Канун - Бунин Иван Алексеевич 5 стр.


Зная, что драки уличные не в моде, что бессмысленны, ни к чему они там, где все — товарищи (тех, нетоварищей, в счет не ставил, те — «мертвые души», по Гоголю прочитанному, называл), — зная это, драки любил, но безобидные, мальчишеские стычки.

Не отрываясь, подолгу смотрел на дерущихся.
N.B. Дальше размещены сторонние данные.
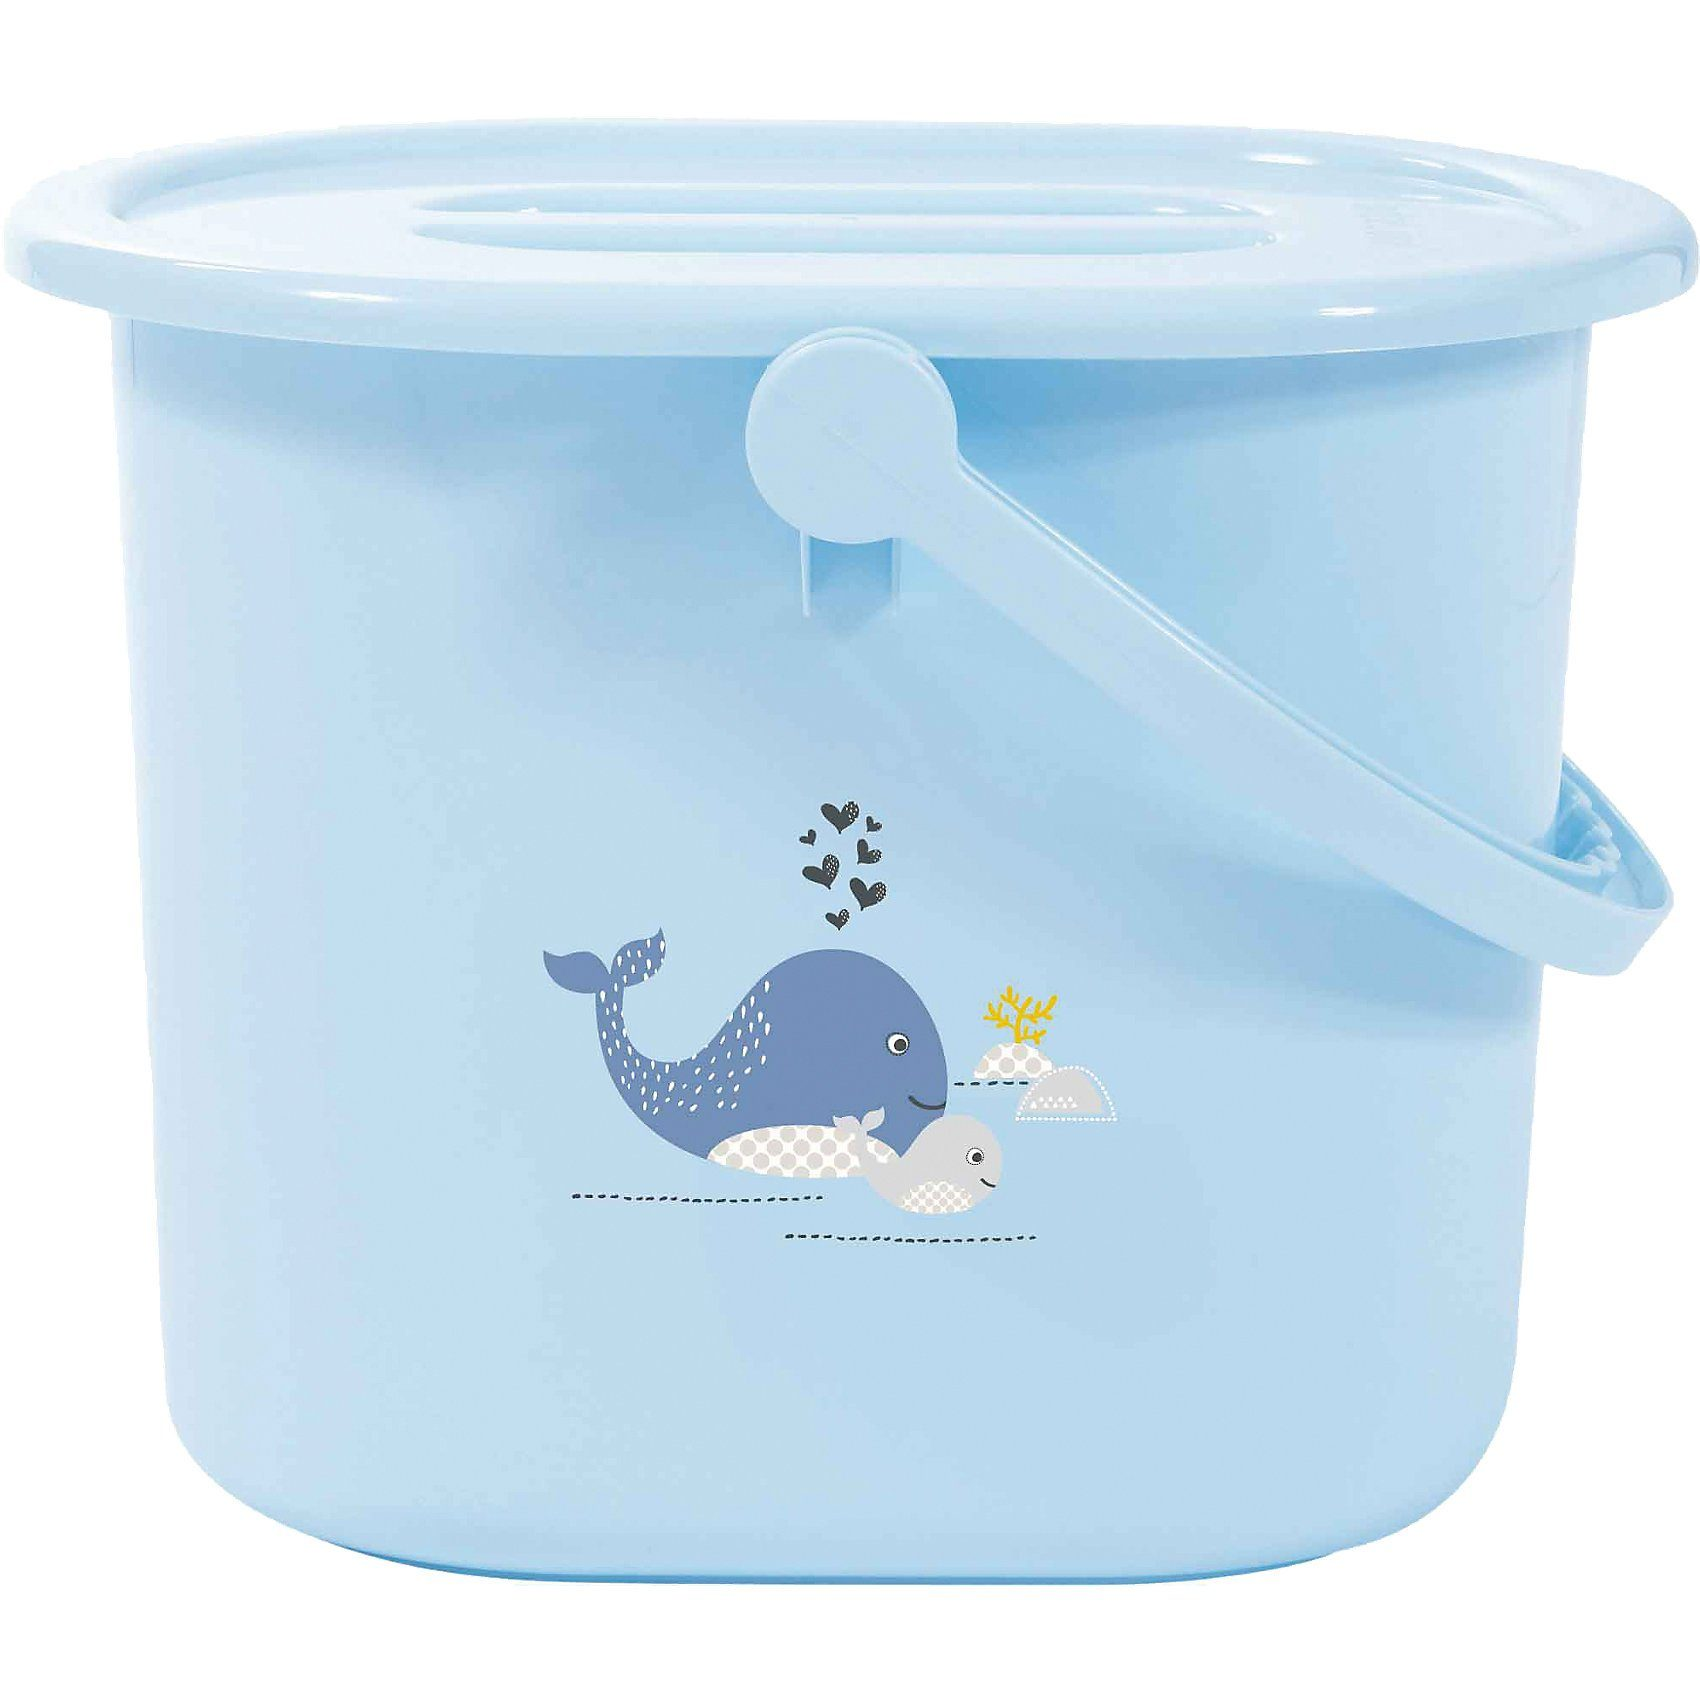 bébé-jou Windeleimer Wally Whale, blau

И нравились новые мальчуганы — очень смелые и бойкие, куда смелее и бойчее прежних.

Иногда думал: «Вот бы из таких — шатию».

Но тотчас же одергивал себя: «Ишь, черт Веревкин, что выдумал! Хулиганничать, брат, — не дело. Не такое нынче время».

Васька женат на Марусе Хавалкиной, с бывшего Лаферма. Хорошенькая. Глаза — что у ребенка или у телки годовалой.

Кроткая, хорошая. Только невеселая какая-то всегда.

Васька ее не обижает.

Таких — нельзя, неловко.

Первую свою любовь, Нютку-Немку, потерял, пока на германском фронте вшей кормил, — как в воду канула.

С Марусей живет ладно, скучновато только.

Не для такой он жизни — сам понимает.

Сидит, сидит иной раз дома, в праздник, и самому странно и неловко: он, Васька, покровский боец, в рубашке, подтяжки спущены, в туфлях, покуривает, — будто какой чиновник банковский, буржуй бурелый.

Непонятно и неловко.

И все странно: комната вот — мебель, комод, там этажерка.

Смех!

А главное — жена седьмой месяц ходит. Значит — ребенок, соски, пеленки…

Отец семейства — Васька-Пловец.

— Тьфу!

Плюется досадливо.

Жена — глаза ребячьи, кроткие, спокойные — телкины — поднимает.

— Что с тобой, Вася?

— Мыла нажрался, тошнит, — Васька сквозь зубы.

— Мыла? Откуда мыло? — удивляется жена.

— Мало ли откуда!

Губы кусает. Не в духе Васька.

13

Несколько дней, как с работы, с электрической станции, приходит — гуляет по вечерам по улицам.

Неспокойно что-то, не по себе.

Раньше улицы бромом действовали, а эти дни никак не успокоиться.

Дома же — совсем невозможно.

Дышать нечем.

Жена последний месяц ходит.

Скоро плач детский, пеленки, молоко — шаги предпоследние на Васькином, на боецком пути.

Да и боецкий ли путь?

На четвертый день своего вечернего блуждания по улицам встретил Нютку-Немку.

Спустилась. В барахле. Нос сизый. Голос — петлей ржавой.

Опытным глазом сразу «свешал».

— Проститутка последней марки — факт!

«Эх! Этого еще недоставало! Зачем встретилась? Старые раны бередит эта еще… Стерва, не могла соблюсти себя. Жили бы и сейчас честь честью…» — думает Пловец, губы кусая, быстро по улицам идя, паруся клешем семидесятидвухсантиметровым. Сплевывает направо и налево пену-слюну, как загнанный в беге конь.

И торопится, точно по делу.

А народу на осенних вечерних улицах много. Толпами густыми, парами больше, не торопясь, как в танце каком-то проплывают, в вальсе волнующем и красивом.

Вальс! Вспоминается «Молдаванский вальс».

Он — этот вальс — похоронная, отходная давнишнего атамана Вальки-Баяниста, песня-молитва, он — вальс этот — жизнь его, Вальки, путь боецкий, — Ваську толкнул из городулинской «нарочной» партии в «заправдышную», покровскую.

Зачем он, Пловец, не погиб такой же славной смертью, как Валька или Самсончик?

До конца не прошел заветного пути зачем?

Те оба, Баянист и Самсончик, бойцами и умерли, путь свой прошли весь, от первого до последнего шага.

До ночи бродит по улицам шумным, блещущим окнами домов и ослепительными подъездами электролото и ресторанов.

Из них, из шумных этих улиц, сворачивает в глухие темные, задумавшиеся, остановившие бег свой улицы, ожидающие точно чего-то.

Остановившиеся улицы, они — невыносимы. На них бодрость теряют ноги, неуверенно звучат шаги.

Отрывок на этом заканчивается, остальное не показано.